BTIG Managing Director and Financials Analyst Mark Palmer joins Yahoo Finance Live to discuss bitcoin’s correlation with risky assets, the use of NFTs, and the outlook for ethereum and Web3 after the merge.
JULIE HYMAN: Winter isn't coming for crypto, it's already arrived. BTIG just wrapped up its second annual Digital Assets Conference featuring 180 companies. A big focus of this year's meeting was how companies are weathering the downturn and also the future of digital assets.
This, as we just talked about, Bitcoin dropping below 20,000. Joining us on this, one of the conference's hosts, BTIG Managing Director and Financials Analyst Mark Palmer. Mark, it's always good to talk with you to get your thoughts on all of this.
We were just talking about, with David, the sort of increased correlation between stocks and Bitcoin, tech stocks in particular and Bitcoin. How are people sort of viewing that right now in this environment?
MARK PALMER: Yes, there definitely has been a correlation between risk assets and speculative cryptocurrencies, there's no question. Bitcoin is certainly reflecting that, as are the proof of stake cryptocurrencies and altcoins. But at the same time, I think one of the things that popped out of this conference is the fact that not all crypto-focused firms are in the same position.
Yes, the exchanges and the brokerages are seeing volumes that are down significantly as a consequence of the price decline. But if you look at a platform like a Silvergate Capital, which serves institutions basically as an on and off-ramp for crypto, has a really exciting stablecoin initiative that it's working on. It's really demonstrated resilience during the crypto winter. It was reflected in the company's second quarter results, which were better than had been feared, significantly better in fact.
So I think that this is a time, really, for those who are looking at crypto stocks to put on their analyst's hats and think about taking a careful look at the fundamentals of these companies rather than putting them all in one pile.
BRAD SMITH: Outside of core crypto, what do you believe retains value after this crypto washout or this crypto winter?
MARK PALMER: Well, again, remember there's much more to Web3 and the ecosystem than just speculative cryptocurrencies. And we're seeing this now. There's been 16 billion raised by Web3 firms during the first half of 2022. We're seeing new unicorns created, even amidst the crypto winter.
And I think the key thing here is that there needs to be infrastructure built, on the one hand, to prepare for the time when the winter ends and we see more players coming into the space, particularly on the institutional front. And I think that the number one reason why institutions haven't plunged into crypto to a greater extent is a lack of regulatory clarity. But that's not keeping them from coming into the space, setting up shop, getting up to speed on where things are. Frankly, that was a big part of what our conference was all about.
At the same time, I think you're seeing pockets of Web3 that are outperforming significantly. We were just talking about the Ethereum merge. Well, Ethereum's move from proof of work to proof of stake has created enormous demand for staking. We had staking platforms speaking during our conference that were telling us that their volumes have doubled during the first half of the year. And they expect them to ramp up further now that the merge has occurred.
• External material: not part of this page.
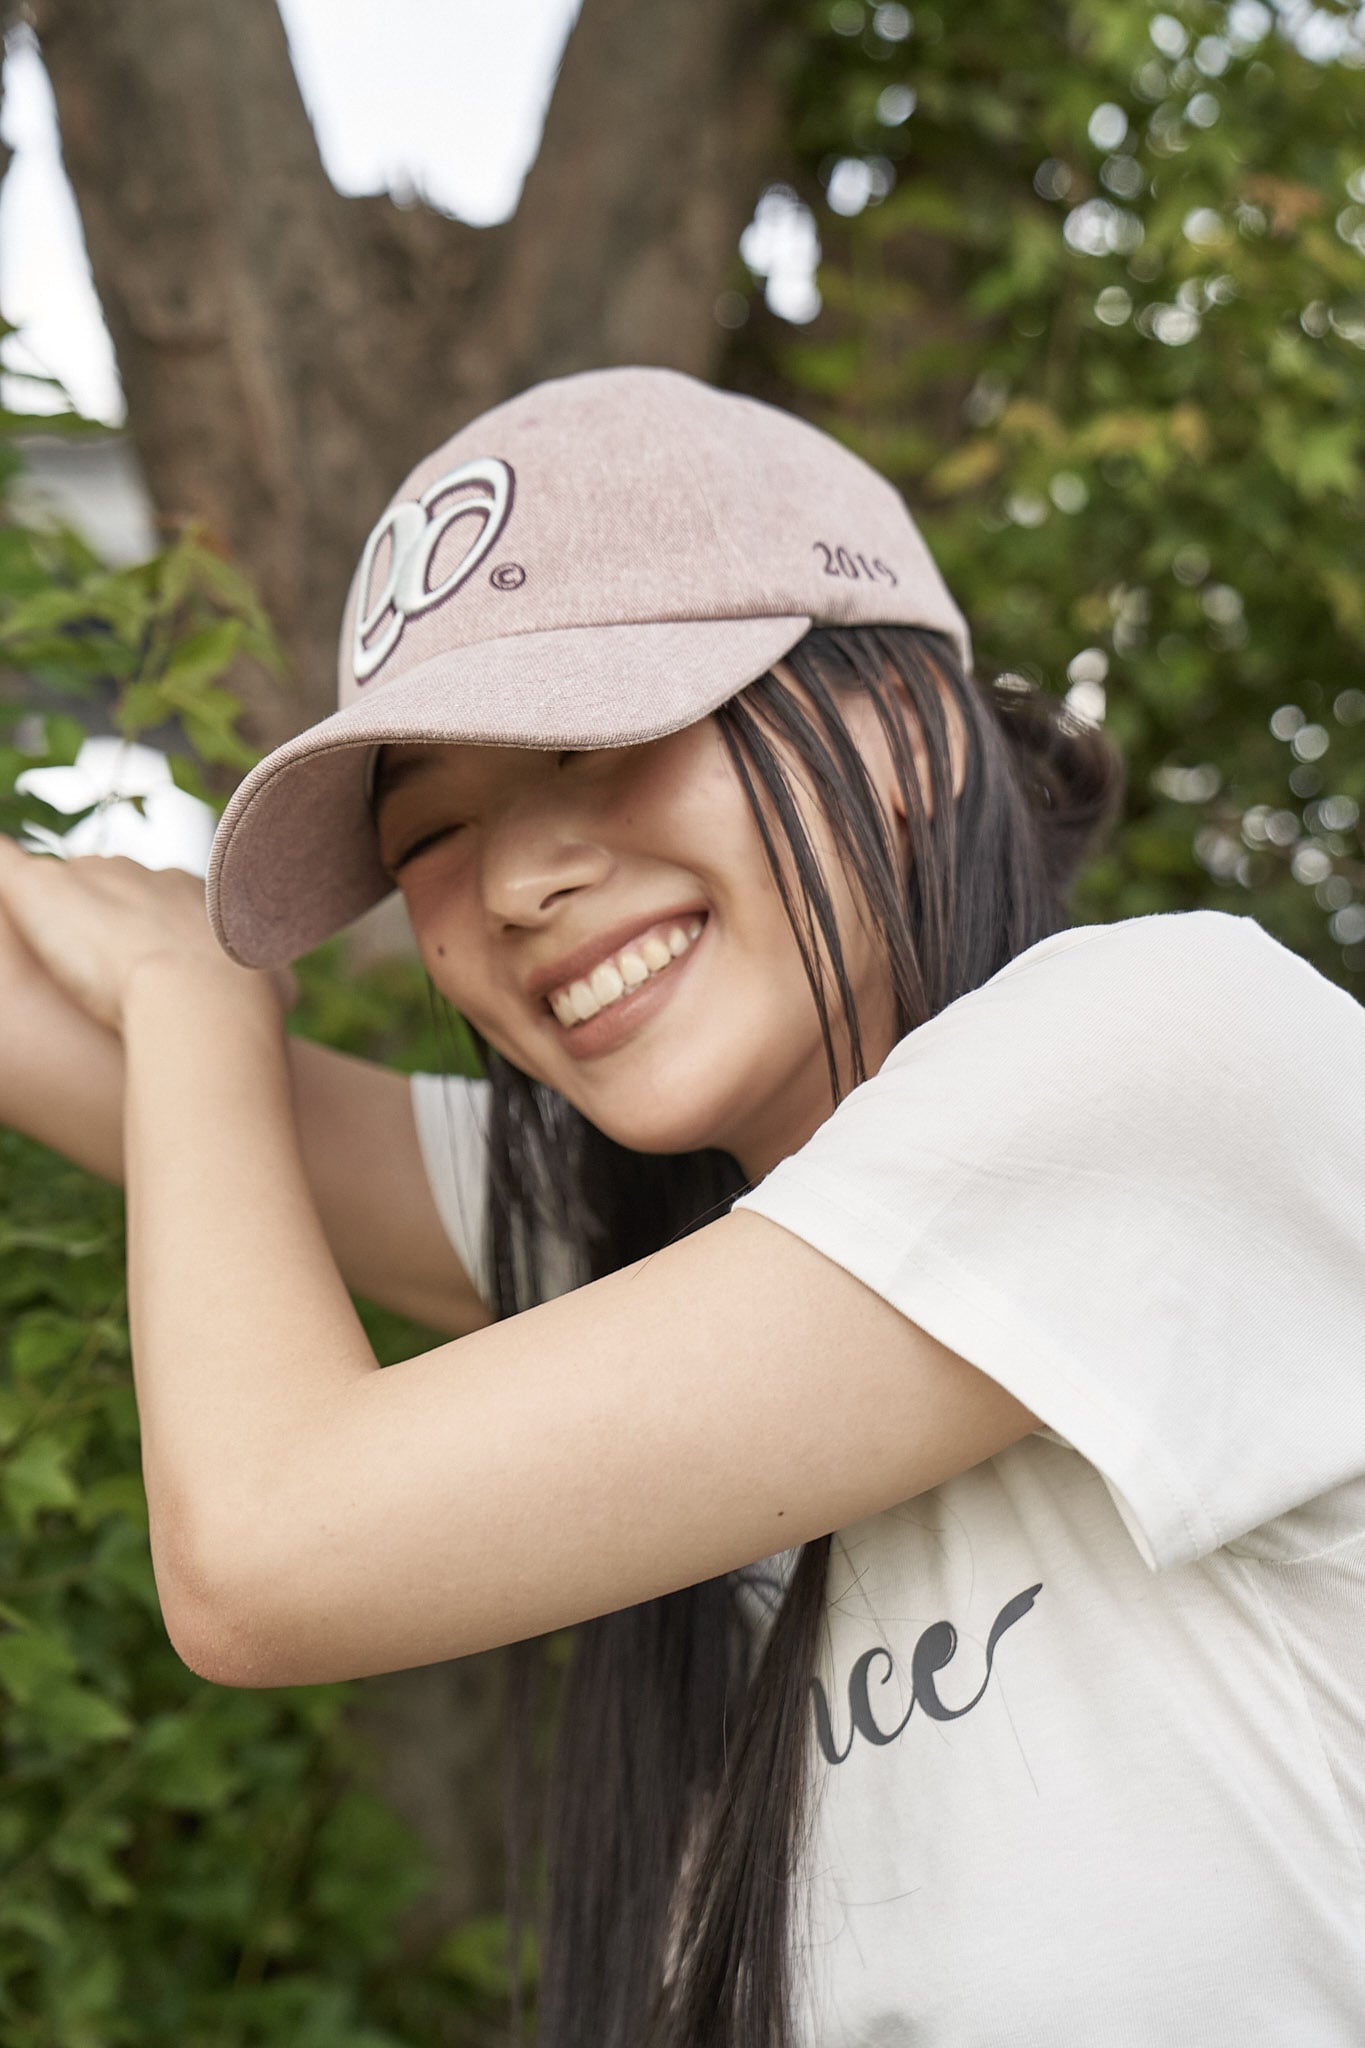 [as on] 99 SYMBOL BALL CAP 2色 新商品 韓国人気 男女共用 韓国ファッション カップルアイテム 贈り物 カップルアイテム - コクモト KOCUMOTO

And frankly, if you look at the publicly traded companies out there, a company like Coinbase has a staking platform available for both retail investors and institutions. We think that's an overlooked part of that story.
BRAD SMITH: But for Web3 to really take off, it would need to have other assets on top of Web3 that are also carrying their own value too. I mean, we've seen a wipeout in some of the kind of annexed nonfungible tokens that have been on top of the Ethereum blockchain. And so even with that downfall in some of that value for the assets that are on top of the blockchain, where do we start to regain some of the attention or some of the fanfare or comfortability with people saying, you know what, I'm willing to ascribe value to something that's sitting on top of a Web3 platform that perhaps they haven't fully wrapped their heads around yet?
MARK PALMER: Right. Well, NFTs are a good example. I think that in retrospect, what happened to the NFT market during 2021 in particular was more of a furor or a craze. And there was a lot of froth in that market that wasn't really justified by fundamentals.
Frankly, one of the things that we're seeing in the NFT space is that the utility of NFTs is really coming to the fore. The fact that this is not just about art, that there are many other use cases for NFTs. The programmability of NFTs is really coming to the fore. So we're talking about the use of NFTs to make supply chains more efficient, as use for storing medical records in a much more efficient manner.
That utility aspect, I think, is going to really be a bigger part of the NFT story going forward. It's not just about collectibles. There certainly is a market for that.
One thing I will say on that regard is that a theme of our conference is the number of brands, big consumer brands that are using NFTs as a means of increasing engagement with their customer bases. We're seeing this from sports franchises. We're seeing this from everything from liquor brands that are enabling liquor to be traded, essentially to change hands, because it is embedded within an NFT, to all sorts of brands that are looking to establish a presence within various metaverse games, "Decentraland," "The Sandbox," and the like.
BRAD SMITH: BTIG managing director and financials analyst Mark Palmer. We've got to continue the conversation at a later date. But we appreciate you joining us here this morning.